WHO/Europe, supported by the European Union (EU), is expanding efforts to help Eastern Partnership countries integrate arts and culture into health systems through a series of regional capacity-building workshops. These workshops serve as catalysts for country-led action and collaboration, enabling nations to move from fragmented initiatives to structured, evidence-based approaches that align with national health priorities.
Health systems across the region face multiple pressures, including demographic shifts, workforce shortages, and less visible challenges such as trauma, social isolation, and long-term stress. Recognizing the potential of arts and culture to enhance recovery, resilience, and dignity in care—particularly for mental health and well-being—WHO/Europe is supporting countries to harness creative approaches as part of a broader public health strategy.
This work is part of the Building Arts Capacity for Health (BACH) pillar of the EU-funded “Health Resilience in the Eastern Partnership” programme, a three-year initiative financed by the European Commission’s Directorate-General for Enlargement and Eastern Neighbourhood. The programme supports Armenia, Azerbaijan, Georgia, the Republic of Moldova, and Ukraine in strengthening health workforce capacities and enhancing mental health systems through collaboration with the cultural sector.
Workshops held in late 2025 helped participating countries map existing arts-in-health initiatives, connect health and culture sectors, and build capacity to design and implement arts-in-health programmes. Integrating arts into healthcare can include museum visits to reduce loneliness, dance classes for people with Parkinson’s disease, music therapy for dementia patients, or choir activities to improve lung health, demonstrating the wide-ranging benefits of creative interventions.
Participants noted that arts-in-health approaches offer people-centred ways to support healthy ageing, mental well-being, social inclusion, and complement ongoing efforts to strengthen primary care and health system resilience. Workshops emphasized practical learning, with participants exploring co-design and evaluation tools, reviewing case studies of arts-based interventions, and discussing governance, ethics, and monitoring frameworks to ensure sustainable creative collaborations.
In Yerevan, Armenia, stakeholders from Armenia and Georgia examined how arts can enhance mental health and psychosocial support, strengthen community engagement, and reduce stigma. In Chișinău, Moldova, participants from Moldova and Ukraine explored how arts can support mental well-being, workforce resilience, and service innovation, highlighting the importance of cross-sector collaboration among ministries, local authorities, universities, civil society, and cultural organisations.
WHO/Europe plans to build on the workshops by supporting countries to pilot arts-in-health initiatives, develop monitoring and evaluation frameworks, and sustain regional learning through communities of practice.
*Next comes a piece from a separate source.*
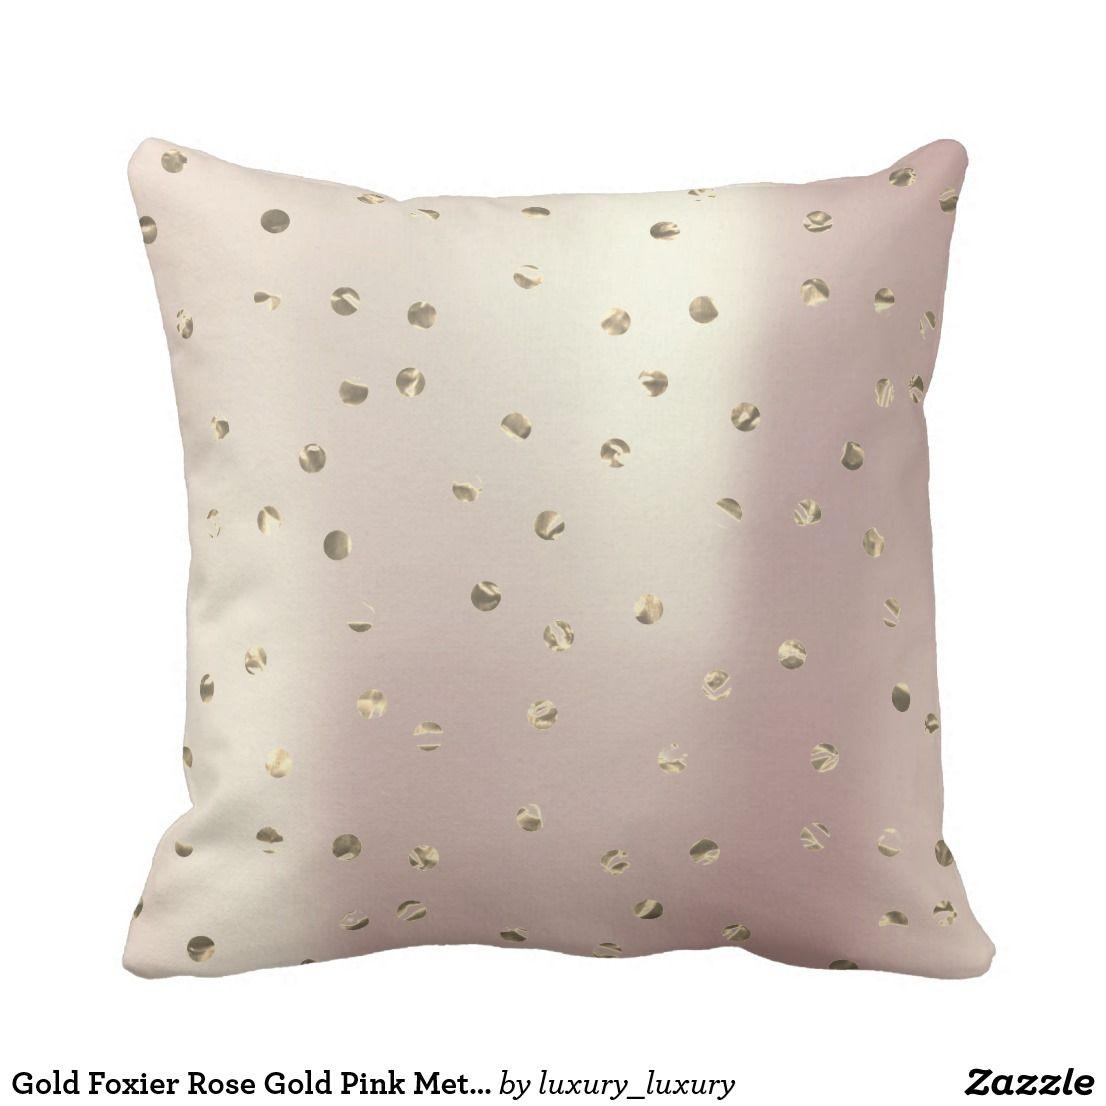 Gold Foxier Rose Gold Pink Metallic Polka Dots

This follow-up work will help translate workshop ideas into actionable projects, aligning arts-in-health efforts with national mental health strategies and broader system reforms.
By embedding arts and culture into the “Health Resilience in the Eastern Partnership” programme, WHO and the EU aim to strengthen people-centred health systems, introduce creative solutions to complex challenges, and advance shared goals under the EU-WHO partnership for resilient, inclusive healthcare.